Re: [PATCH v1] convert: add "status=delayed" to filter process protocol

2017-01-11 Thread Junio C Hamano
Jakub Narębski  writes:

>> Yes, this problem happens every day with filters that perform network
>> requests (e.g. GitLFS). 
>
> Do I understand it correctly that the expected performance improvement
> thanks to this feature is possible only if there is some amount of
> parallelism and concurrency in the filter?  That is, filter can be sending
> one blob to Git while processing other one, or filter can be fetching blobs
> in parallel.

The first-object latency may not be helped, but by allowing
"delayed", the latency to retrieve the second and subsequent objects
can be hidden, I would think.


Re: [PATCH v1] convert: add "status=delayed" to filter process protocol

2017-01-11 Thread Taylor Blau
On Wed, Jan 11, 2017 at 11:13:00AM +0100, Lars Schneider wrote:
>
> In v1 I implemented a) with the busy-loop problem in mind.
>
> My thinking was this:
>
> If the filter sees at least one filter request twice then the filter knows 
> that
> Git has already requested all files that require filtering. At that point the
> filter could just block the "delayed" answer to the latest filter request 
> until
> at least one of the previously delayed requests can be fulfilled. Then the 
> filter
> answers "delay" to Git until Git requests the blob that can be fulfilled. This
> process cycles until all requests can be fulfilled. Wouldn't that work?
>
> I think a "done" message by the filter is not easy. Right now the protocol 
> works
> in a mode were Git always asks and the filter always answers. I believe 
> changing
> the filter to be able to initiate a "done" message would complicated the 
> protocol.
>
> > Additionally, the protocol should specify a sentinel "no more entries" value
> > that could be sent from Git to the filter to signal that there are no more 
> > files
> > to checkout. Some filters may implement mechanisms for converting files that
> > require a signal to know when all files have been sent. Specifically, Git 
> > LFS
> > (https://git-lfs.github.com) batches files to be transferred together, and 
> > needs
> > to know when all files have been announced to truncate and send the last 
> > batch,
> > if it is not yet full. I'm sure other filter implementations use a similar
> > mechanism and would benefit from this as well.
>
> I agree. I think the filter already has this info implicitly as explained 
> above
> but an explicit message would be better!

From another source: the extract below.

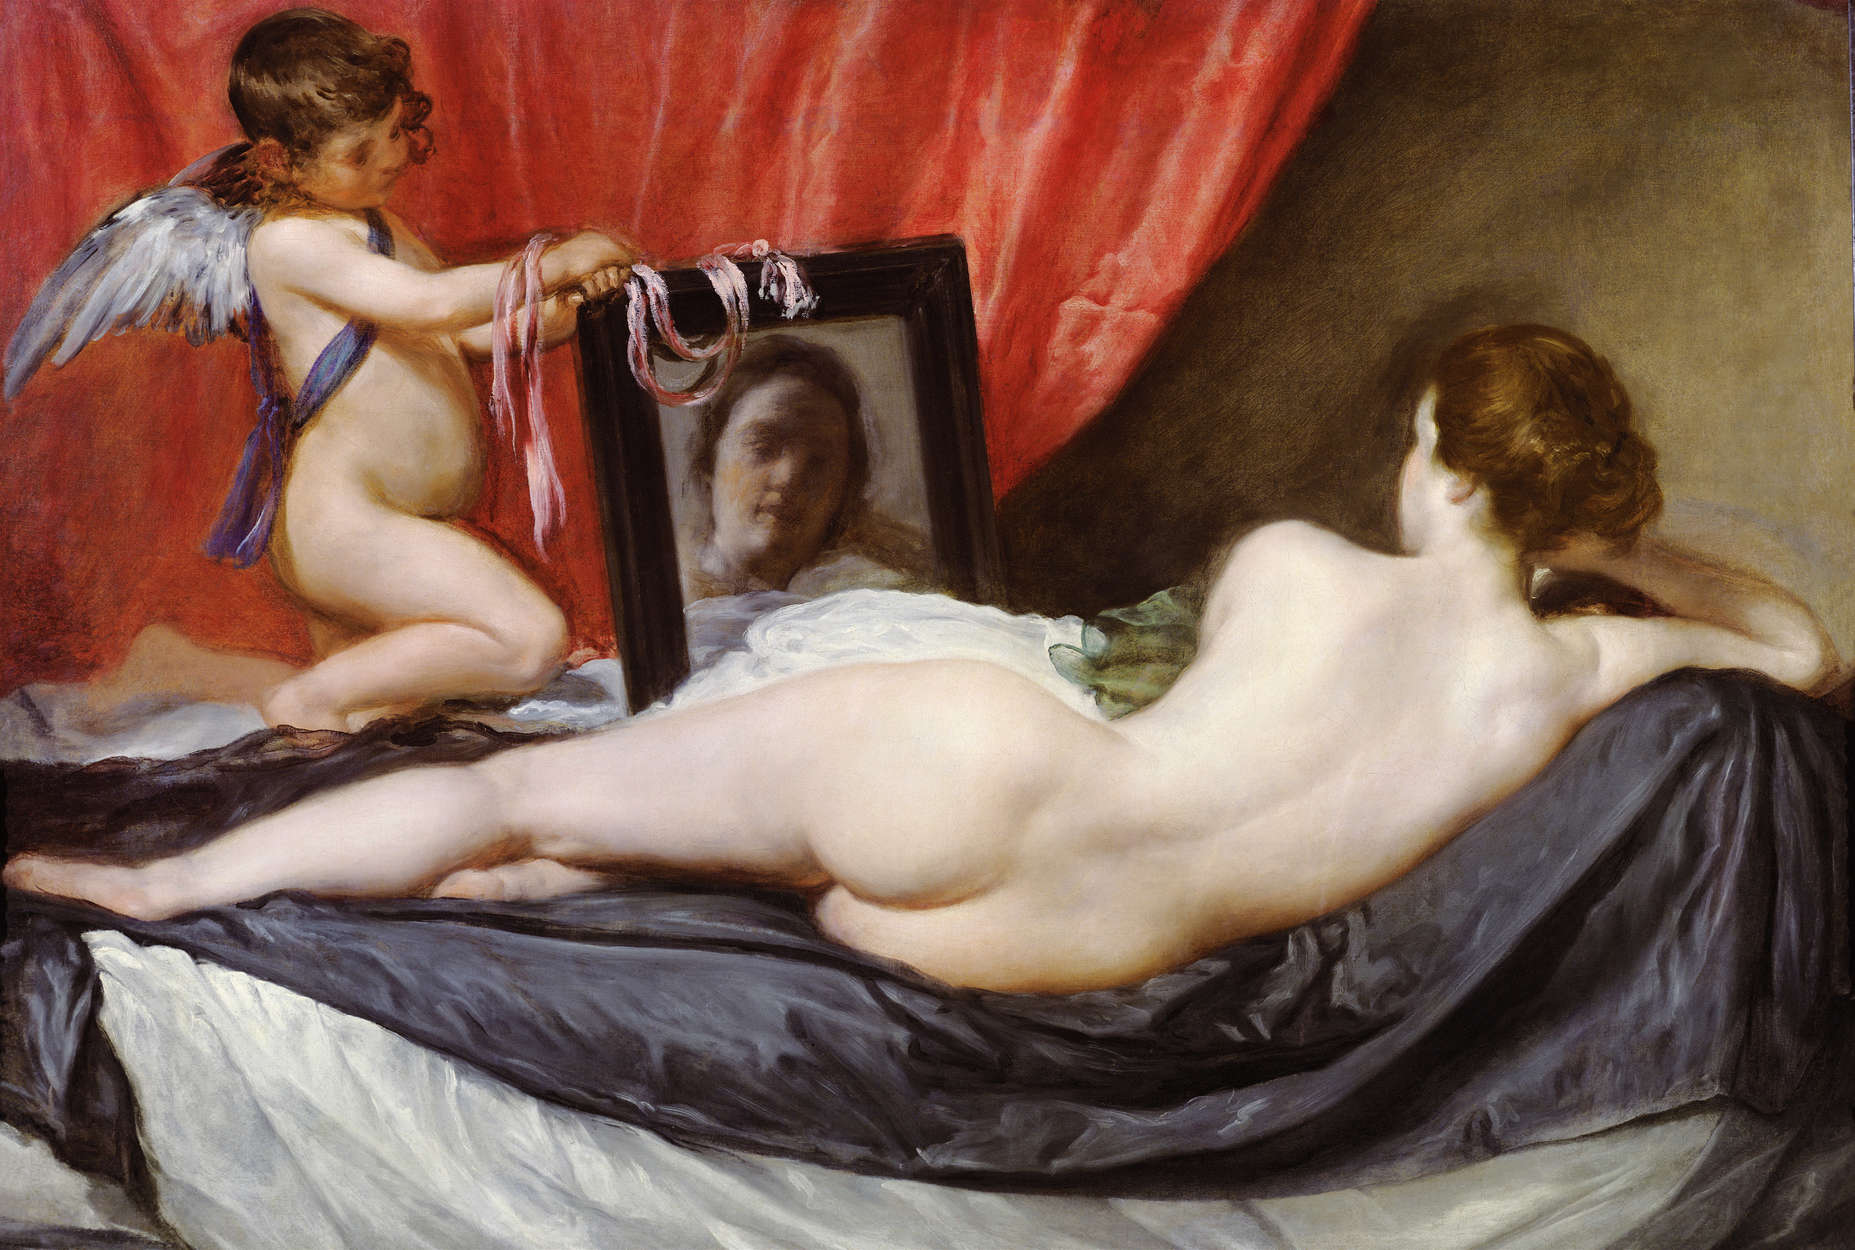             Papier peint "Vénus devant le miroir" de Diego Velazquez

This works, but forces some undesirable constraints:

- The filter has to keep track of all items in the checkout to determine how
  many times Git has asked about them. This is probably fine, though annoying.
  Cases where this is not fine is when there are _many_ items in the checkout
  forcing filter implementations to keep track of large sets of data.
- The protocol is now _must_ ask for the status of checkout items in a
  particular order. If the assumption is that "Git has sent me all items in the
  checkout by the point I see Git ask for the status of an item more than once",
  then Git _cannot_ ask for the status of a delayed item while there are still
  more items to checkout. This could be OK, so long as the protocol commits to
  it and documents this behavior.

What are your thoughts?

--
Thanks,
Taylor Blau

ttayl...@github.com


Re: [PATCH v1] convert: add "status=delayed" to filter process protocol

2017-01-11 Thread Jakub Narębski
W dniu 11.01.2017 o 11:20, Lars Schneider pisze: 
> On 10 Jan 2017, at 23:11, Jakub Narębski  wrote:
>> W dniu 09.01.2017 o 00:42, Junio C Hamano pisze:
>>> larsxschnei...@gmail.com writes:
 From: Lars Schneider 

 Some `clean` / `smudge` filters might require a significant amount of
 time to process a single blob. During this process the Git checkout
 operation is blocked and Git needs to wait until the filter is done to
 continue with the checkout.
>>
>> Lars, what is expected use case for this feature; that is when do you
>> think this problem may happen?  Is it something that happened IRL?
> 
> Yes, this problem happens every day with filters that perform network
> requests (e.g. GitLFS). 

Do I understand it correctly that the expected performance improvement
thanks to this feature is possible only if there is some amount of
parallelism and concurrency in the filter?  That is, filter can be sending
one blob to Git while processing other one, or filter can be fetching blobs
in parallel.

This means that filter process works as a kind of (de)multiplexer for
fetching and/or processing blob contents, I think.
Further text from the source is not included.